Filed under: Uncategorized — Jim @ 4:38 pm

Screwdriver.jpgDemonstrating for once and for all his boundless sense of adventure, or his utter recklessness, my buddy Eric has taken on the task of putting this beast together. So far, the score is Nordic Beast-1, Eric-0. I suspect that, if he doesn’t shoot the thing while it is in a semi-assembled state, he will eventually prevail, although the job would probably go a bit easier with a tall drink of Mead.

One of the lessons I have learned the hard way is that if something “requires assembly,” or, worse yet, is advertised with the words “Some assembly required” it is to be avoided at all costs. It is why, for example, I am using a barbecue grill that is sorely in need of replacement. The assembly of that grill years ago took the better part of half a day, left me with a part that seemed to go nowhere and made for some nerve-jangling moments the first time I fired it up. Upon finishing such a task some do-it-yourselfers report feeling a great sense of accomplishment. I, on the other hand, look at the completed object that just stole a piece of my life with nothing by utter contempt.

Which brings me to the desk at which I am now sitting.

It is a fairly complicated bit of furniture. On the top it has a unit that contains vertical (two sizes) and horizontal cubbyholes and a two-door cabinet on the right, with spring-loaded doors held closed by magnets. On the left top is a diagonal shelf for the monitor. The body of the desk, on the right side, contains one of those pullout things you can write on and two drawers on auto-close sliders, one drawer being “file drawer” size.
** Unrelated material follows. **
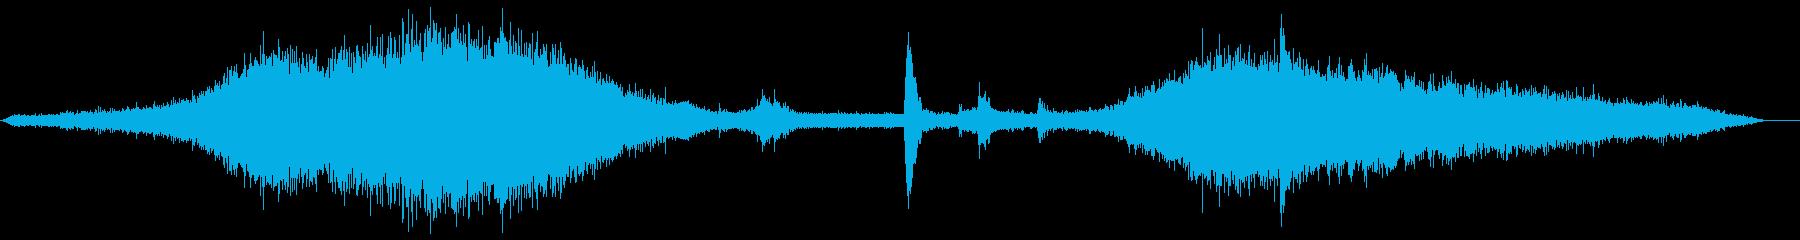 ボケリア市場の再生済みの波形

On the left is a rollout thing that is designed to look like three drawers, but is, as I said, a rollout thing in which one can, I suppose, place a scanner or a similar widget. I use mine to store paper. I am quite certain that it is an O’Sullivan product. The closest example of one that resembles this desk that I could find is here. Mind you, mine is considerably more complicated.

OK, got the picture?

Way back when I wanted to buy my first computer, Mrs. Parkway, being very supportive of my then new-found interest in things cyber, said, “If you want to buy that ridiculous thing, you better damned well figure out where you’re going to put it.”

We, therefore, took a trip to Office Max, or the other big box “office” store – I can’t remember which, where I saw this unit all assembled. Knowing that it would have to serve as a regular desk in addition to the place where I could set up “that stupid computer” it seemed to fit the bill.
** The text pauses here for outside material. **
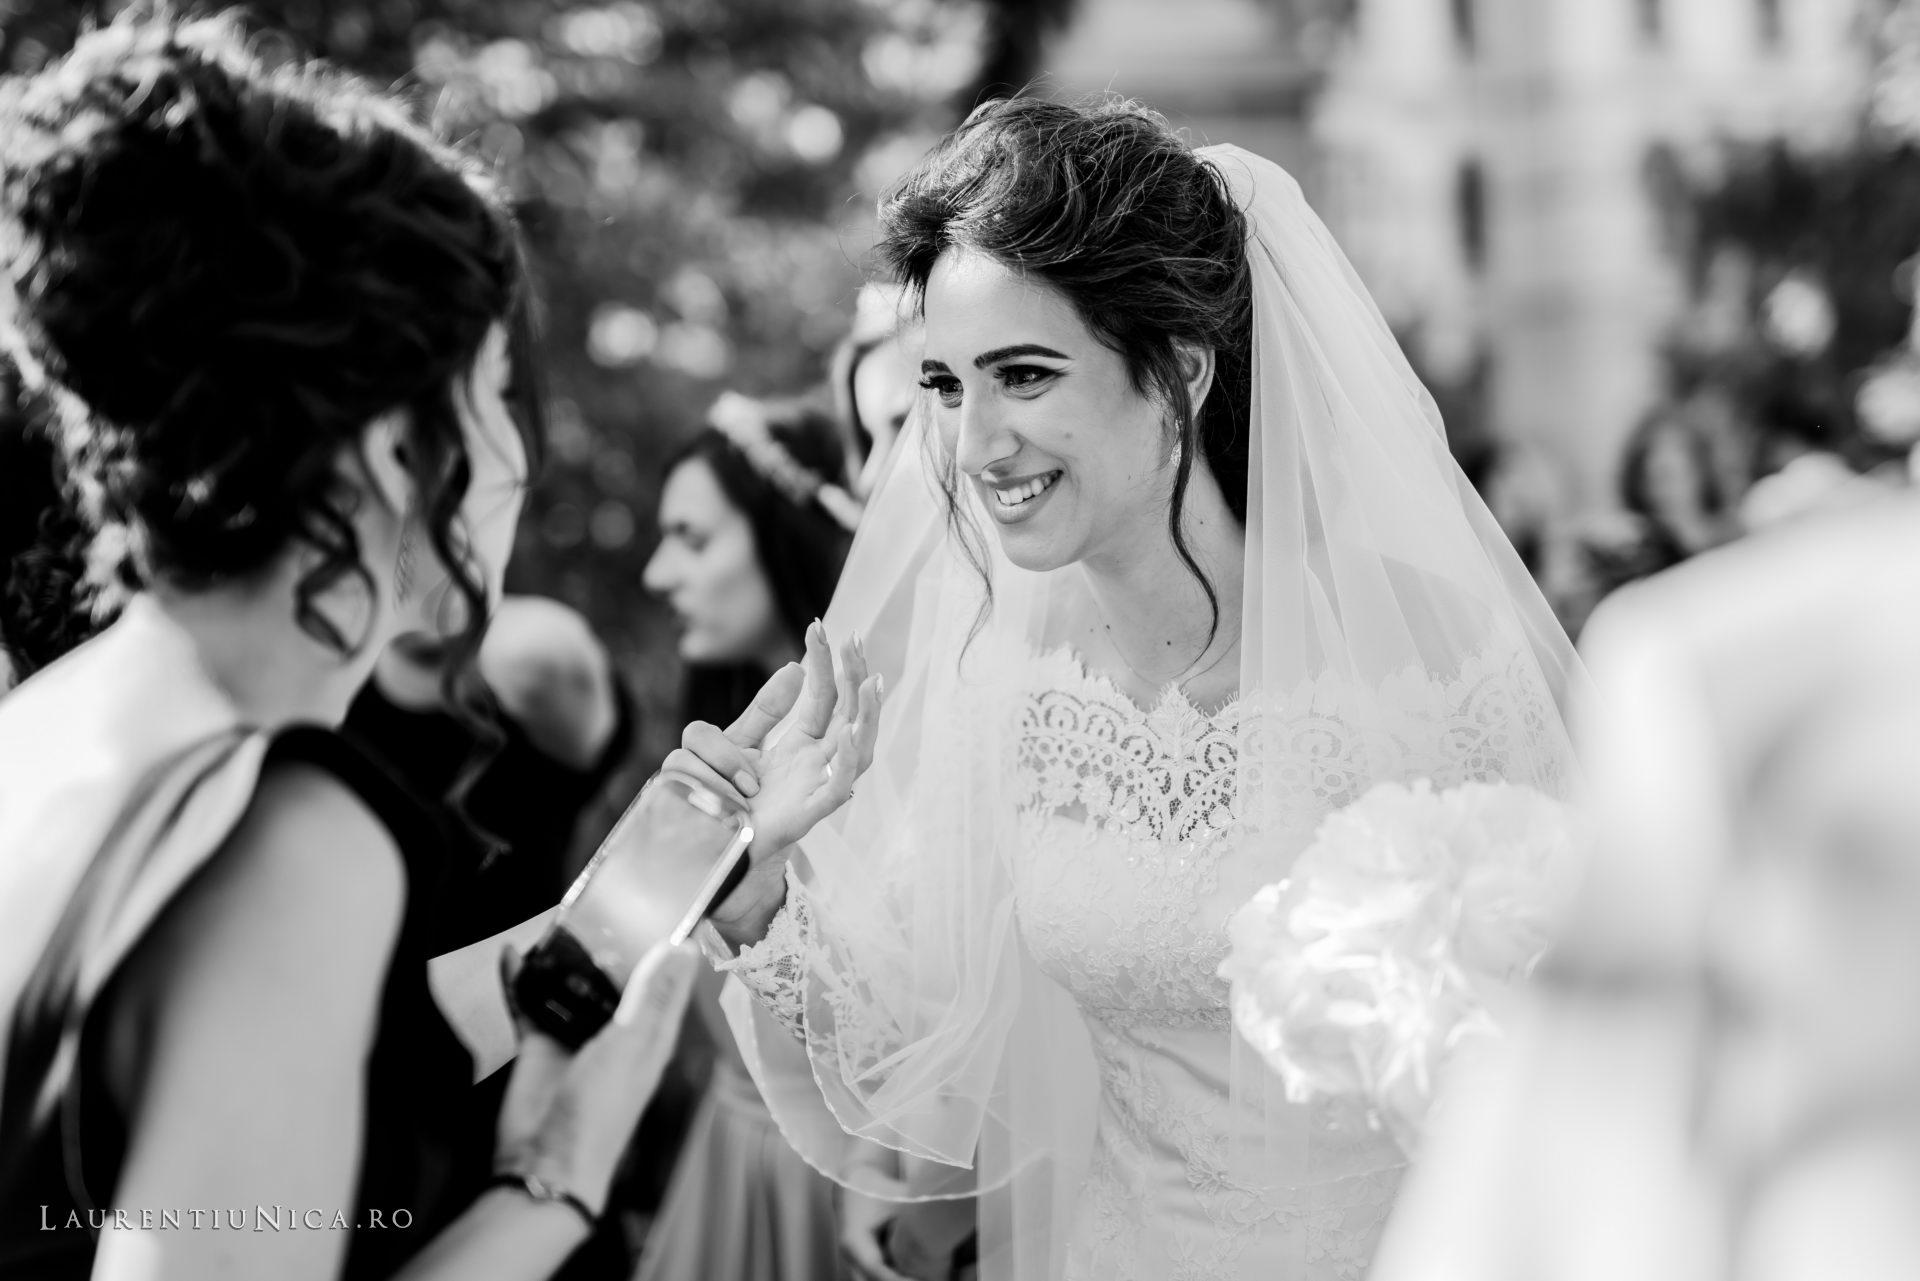 Cristina si Ovidiu nunta Craiova fotograf laurentiu nica 094 - Cristina & Ovidiu | Fotografii nunta | Craiova

I asked the sales guy when it could be delivered, and he said, “What kind of car do you have? We could bring it out now.” At the time, I had a station wagon that was roughly the size of Finland (used for hauling band equipment around), so I said, “I have a big wagon, but I think that the desk may be too tall to fit.” He said, “No problem, the top and the bottom are packaged separately.”


So, I pulled the car into the Delivery Area with my receipt in hand waiting for someone to bring out a piece of furniture. You can imagine my surprise when this big bullyok of a kid rolled out two farookin’ huge boxes and called my name. I asked, “Is that the desk?” He checked my sales receipt and confirmed that those two farookin’ huge boxes were my “desk.”

He said, “Yes sir. You have to put it together.”


“No problem, sir. They are easy to assemble.”

Mrs. Parkway, seeing the horror on my face, said, “Oh, I’ll help you. How hard can it be?”

With that, the big bullyok of a kid lifted each box into the back of the Wagon the size of Finland.

When I got home, I realized why the store had hired the big bullyok of a kid, because there was no way I could lift either of those bigass boxes. The only way we could get the thing into the house was to open each of the bigass boxes and bring the pieces in a few at a time. After about twenty minutes of back and forth between the house and the Wagon the size of Finland, my entire living room floor was covered with hundreds of pieces of wood, bags of screws, washers, springs, rollers, sliders, plastic thingies, magnets and God knows what else. It was horrifying.

I was beginning to wonder how much I wanted the computer, after all.

“Let’s take a look at the instructions,” I sheepishly said.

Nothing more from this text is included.